4. If the rule (x, y) ¡ú (x + 3, y ¨C 3) is applied to the original triangle, give the coordinates of and draw the image. Show your work (show the computation) for calculating the coordinates of the resulting image. Label the vertices correctly.
To apply the rule (x, y) → (x + 3, y - 3) to the original triangle, we need to find the images of each vertex.
Let's assume the original triangle has vertices A, B, and C with coordinates (x₁, y₁), (x₂, y₂), and (x₃, y₃) respectively.
For vertex A, the image can be found by adding 3 to the x-coordinate and subtracting 3 from the y-coordinate. So the new coordinates of A, denoted as A', will be (x₁ + 3, y₁ - 3).
For vertex B, the image can be found similarly, resulting in coordinates (x₂ + 3, y₂ - 3). Let's denote this as B'.
Lastly, for vertex C, the rule is also applied, giving us the coordinates (x₃ + 3, y₃ - 3).

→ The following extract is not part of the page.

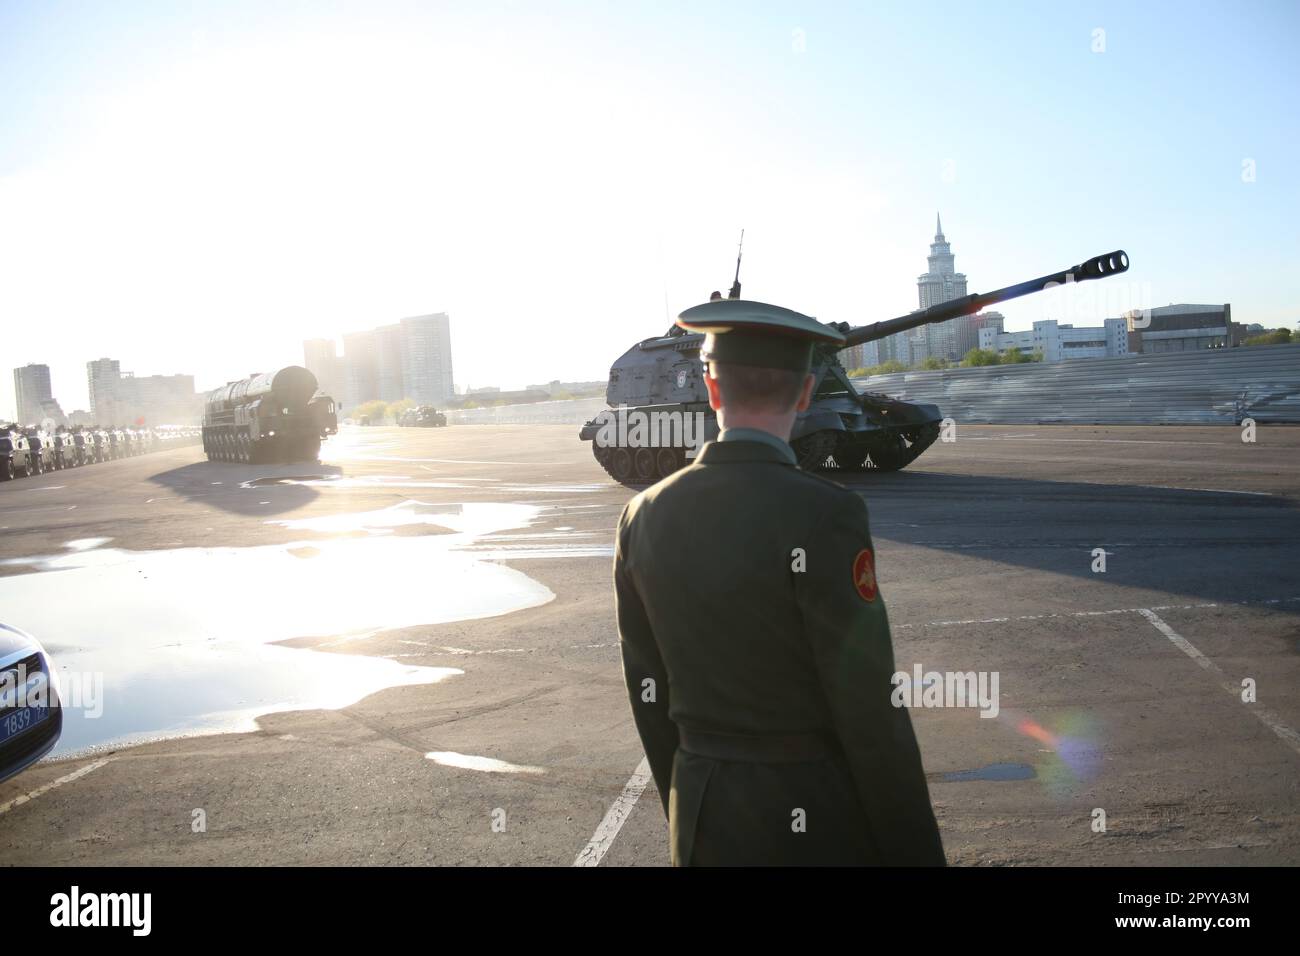 Prove della parata del giorno della Vittoria a Mosca. Carri armati militari russi Foto Stock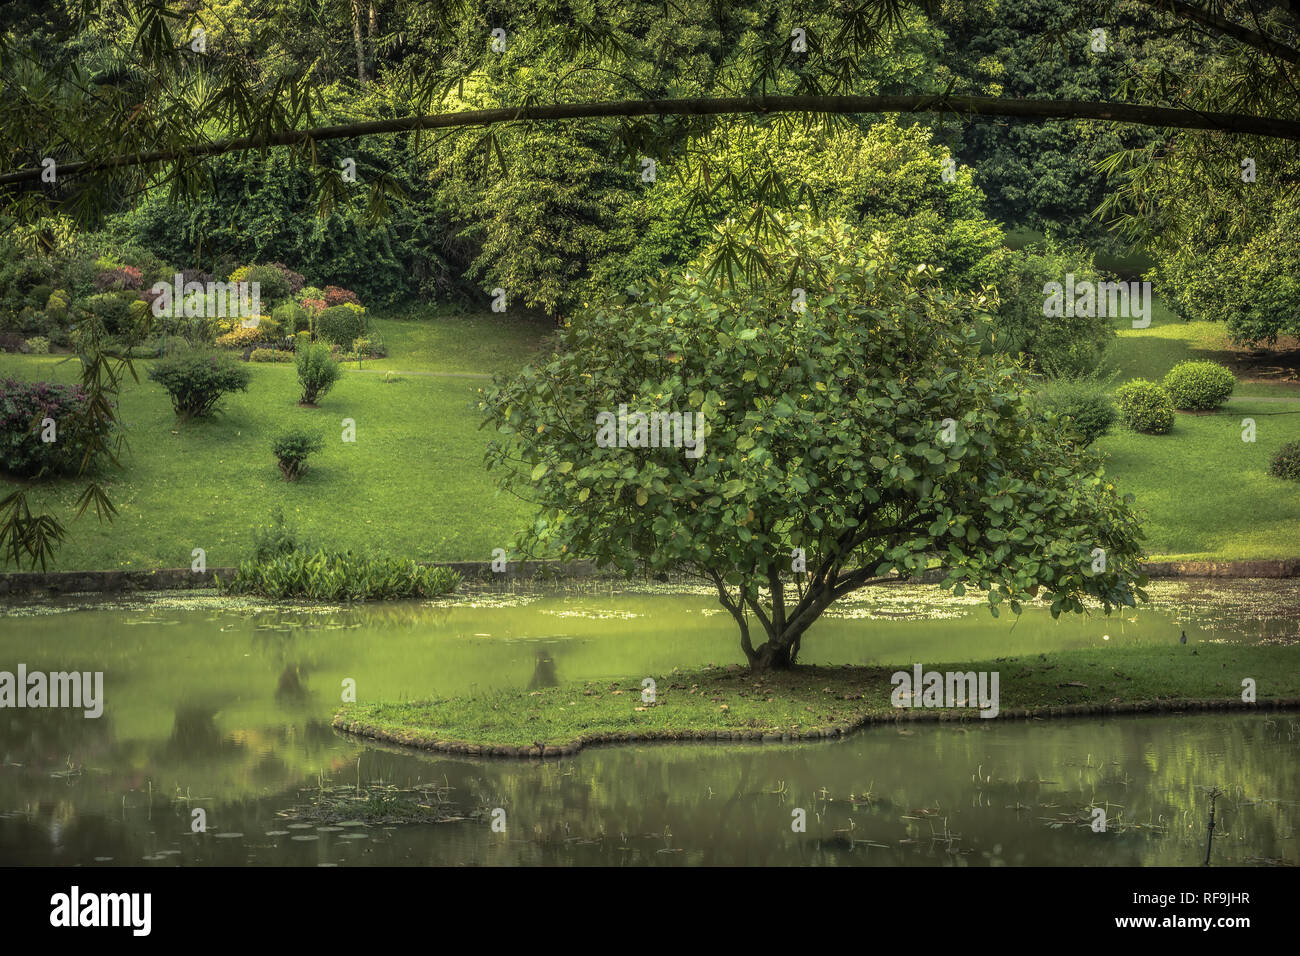 Jardin du parc public avec la conception de paysage dans la région de Royal Garden au Sri Lanka Peradeniya Kandy environs Environs Banque D'Images

We will represent this image as C'.
Now, we can plot the original triangle and its image, labeled with the respective vertices. Keep in mind that I can only provide the steps, but I can't generate the image visually.
1. Plot points A (x₁, y₁), B (x₂, y₂), and C (x₃, y₃) on a coordinate plane.
2. Plot the new points A' (x₁ + 3, y₁ - 3), B' (x₂ + 3, y₂ - 3), and C' (x₃ + 3, y₃ - 3) on the same coordinate plane.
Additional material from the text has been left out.